Barnes points to groups that combat domestic violence with concerns that Real ID would require everyone’s name, including victims of spousal abuse, and a physical address on a driver’s license.

“So for every positive purpose that they may require information on this, there may be a negative result in some areas,” he says.

“If you have to show your ID at a store to get a check approved or show that a credit card belongs to you, you’re laying your personal information out there. That may seem insignificant to most people, but it’s very significant to people whose lives may be in danger.”

In the past, Barnes noted, a motorist’s mailing address could suffice.

He says he also is concerned that the government, by using a Real ID, could snoop at stores where Americans shop, knowing instantly what they bought and when and how much they paid for their purchases.

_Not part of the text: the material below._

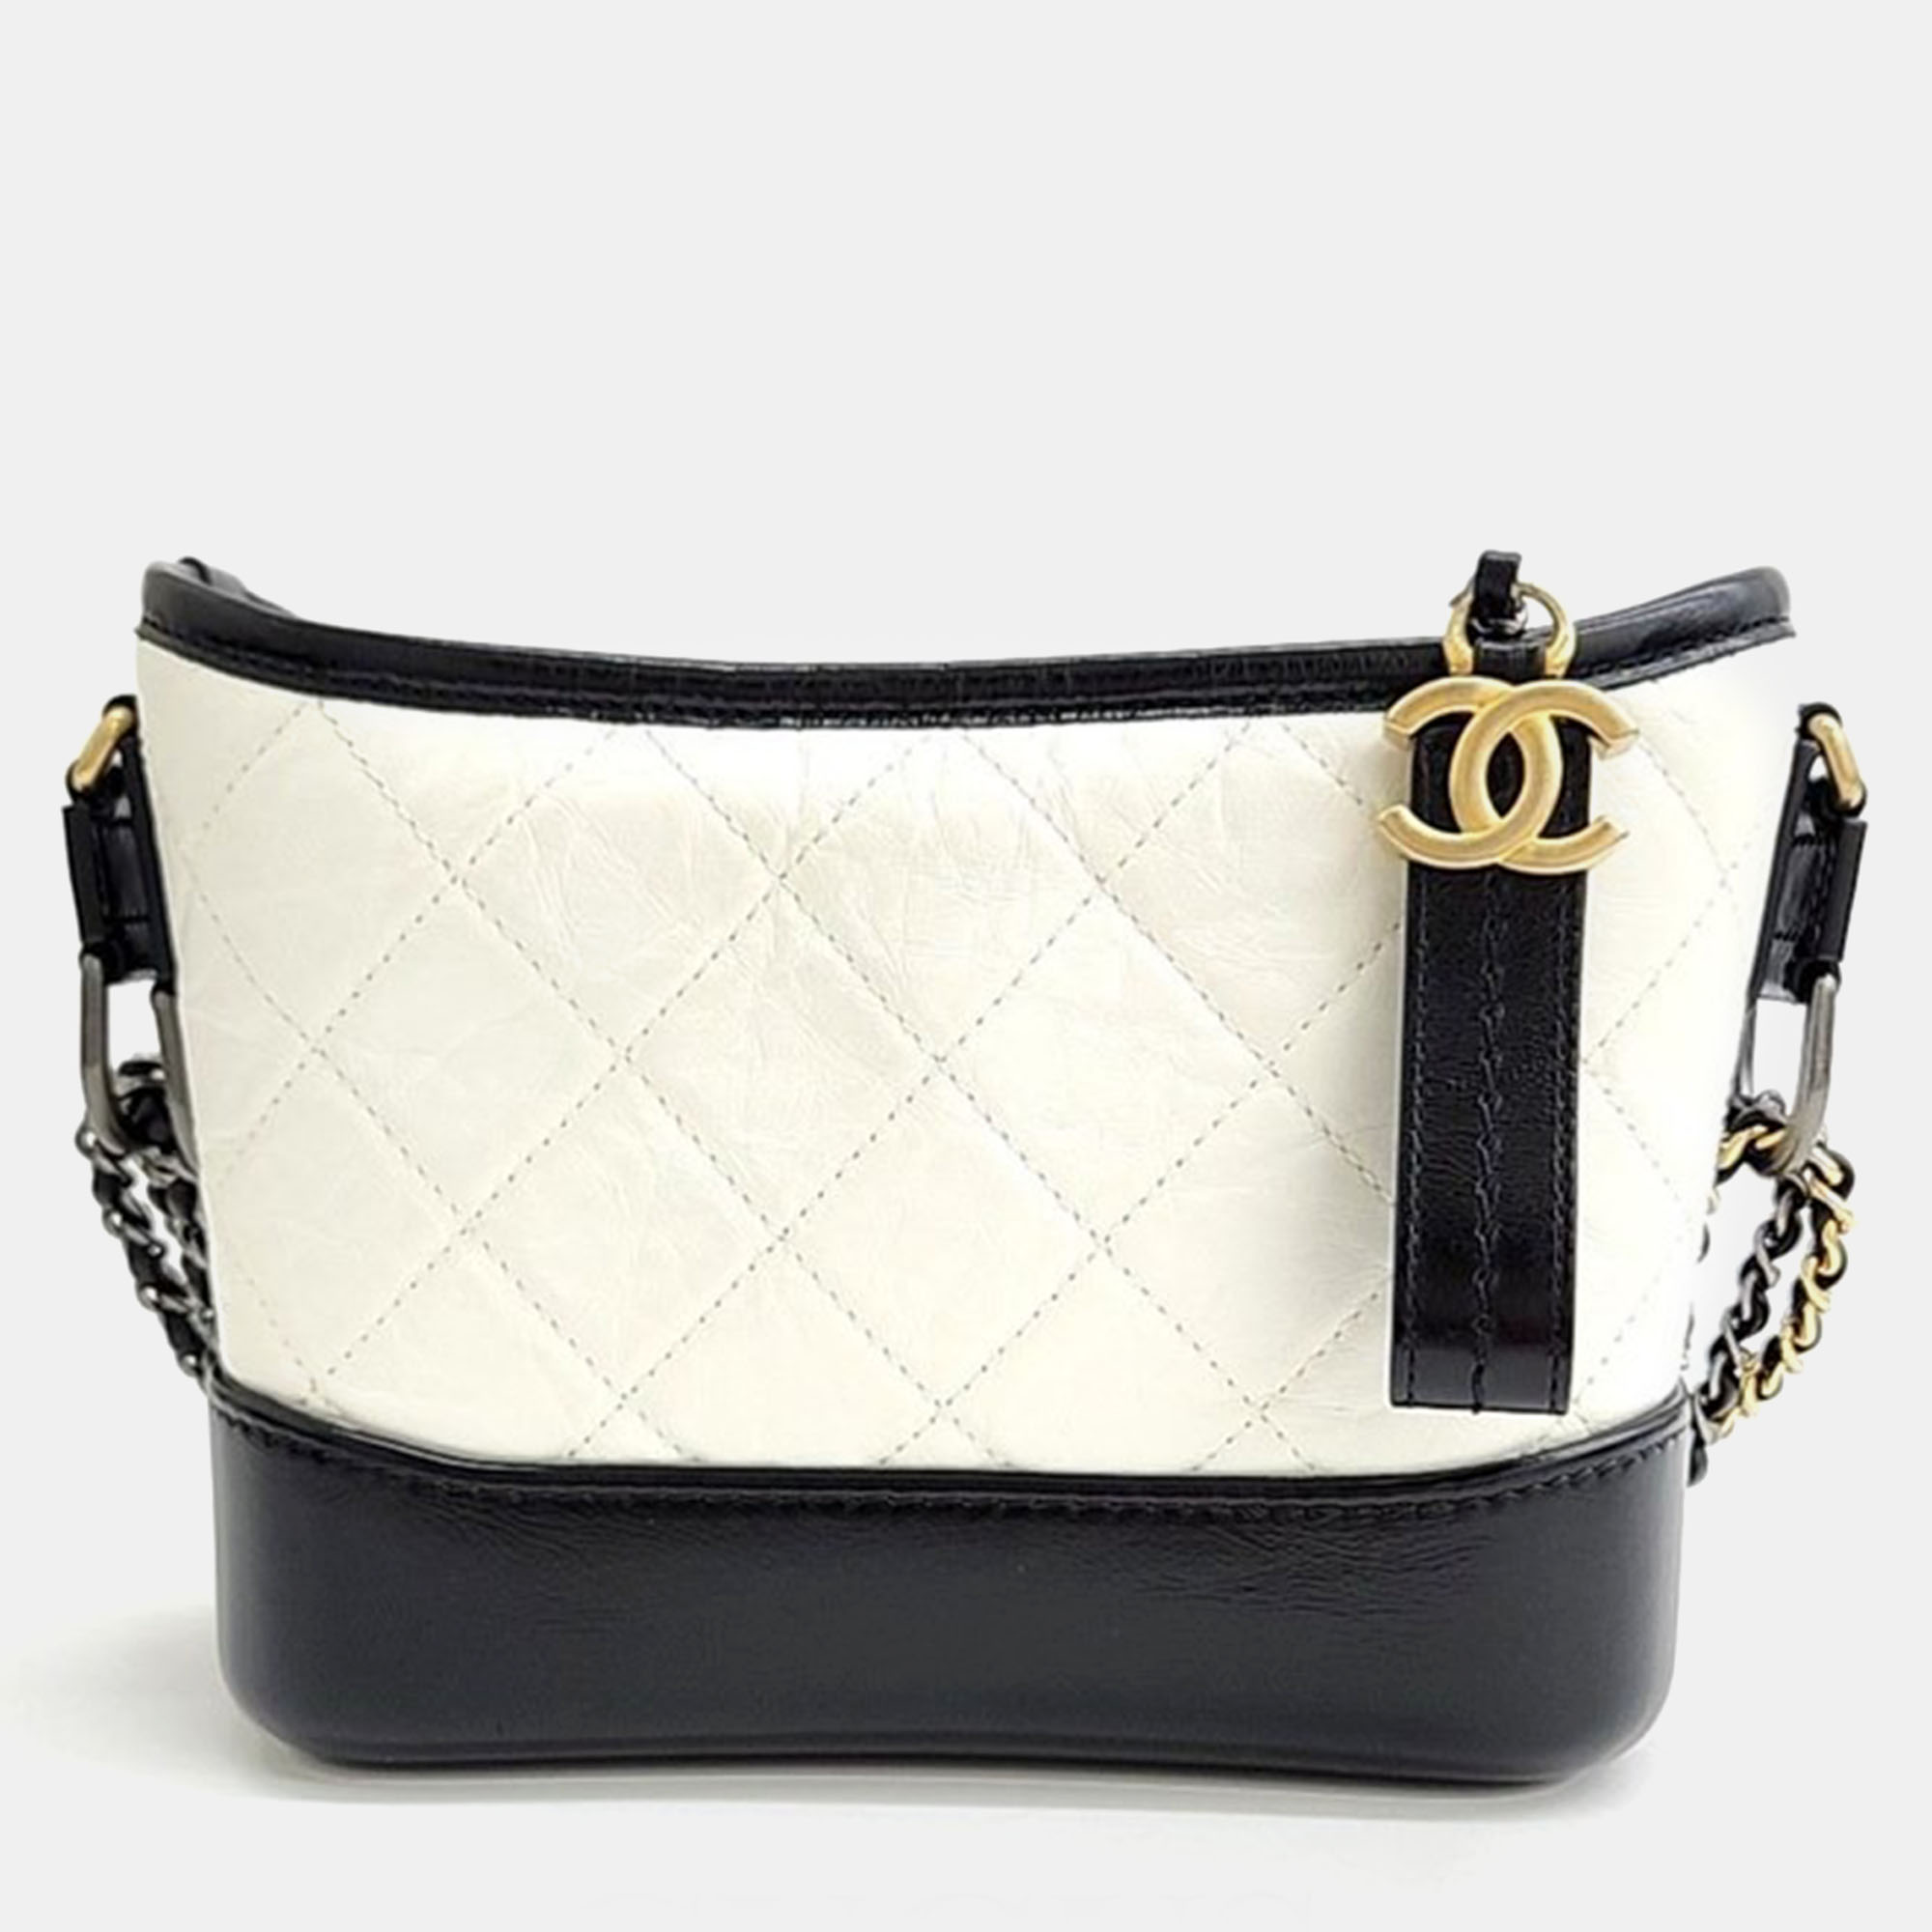 

Chanel Gabrielle Hobo Small Bag, Black

“Much of that is tracked electronically already without people’s knowledge,” Barnes says.

“People that use the Internet, buying information or retrieving information, already are being documented somewhere in some computer bank. At this particular point, it’s not with the government. And although we may not like our privacy to be exposed in a commercial manner, it already is.”

What happens when the government gets its hands on one’s personal data?

“When the government starts accumulating this information, then the question is, although it may be for positive purposes now, what negative purpose could it be used for in the future?”

Barnes recalled the Legislature’s move last winter, working with the American Association of Retired Persons and Attorney General Darrell McGraw to restrict organizations from sharing information with one another without written permission.

Which leads to the heart of Barnes’ dissent — what happens when the government can absorb one’s personal data and store it?

“They don’t need to give it to somebody else,” he says. “It’s shared within agencies already. Big Brother is here.”

While the ACLU took an active role in the stalled bill that Barnes crafted at its request, DiStefano says his group is focusing its attention for now at the federal level.

DiStefano finds another area to attack the Real ID — the uncertainty over what the program will cost.

Originally, it was estimated to be a $23 billion project, but that has been scaled down to $10 billion. In West Virginia, the cost has floated from $20 million-plus to anywhere between $2 million and $5 million.

“There has been some very, very fuzzy math on this issue,” the ACLU official said.

Moreover, he points to a growing number of states that have moved to block Real ID, most recently Arizona, raising to 19 the ranks of those in opposition.

“The general consensus is that Real ID is dying on the vine,” he said while attending last week’s special legislative session.

“A lot of people in West Virginia — liberal and conservative — are still paying very close attention to the issue. The ground war is being won against the program.”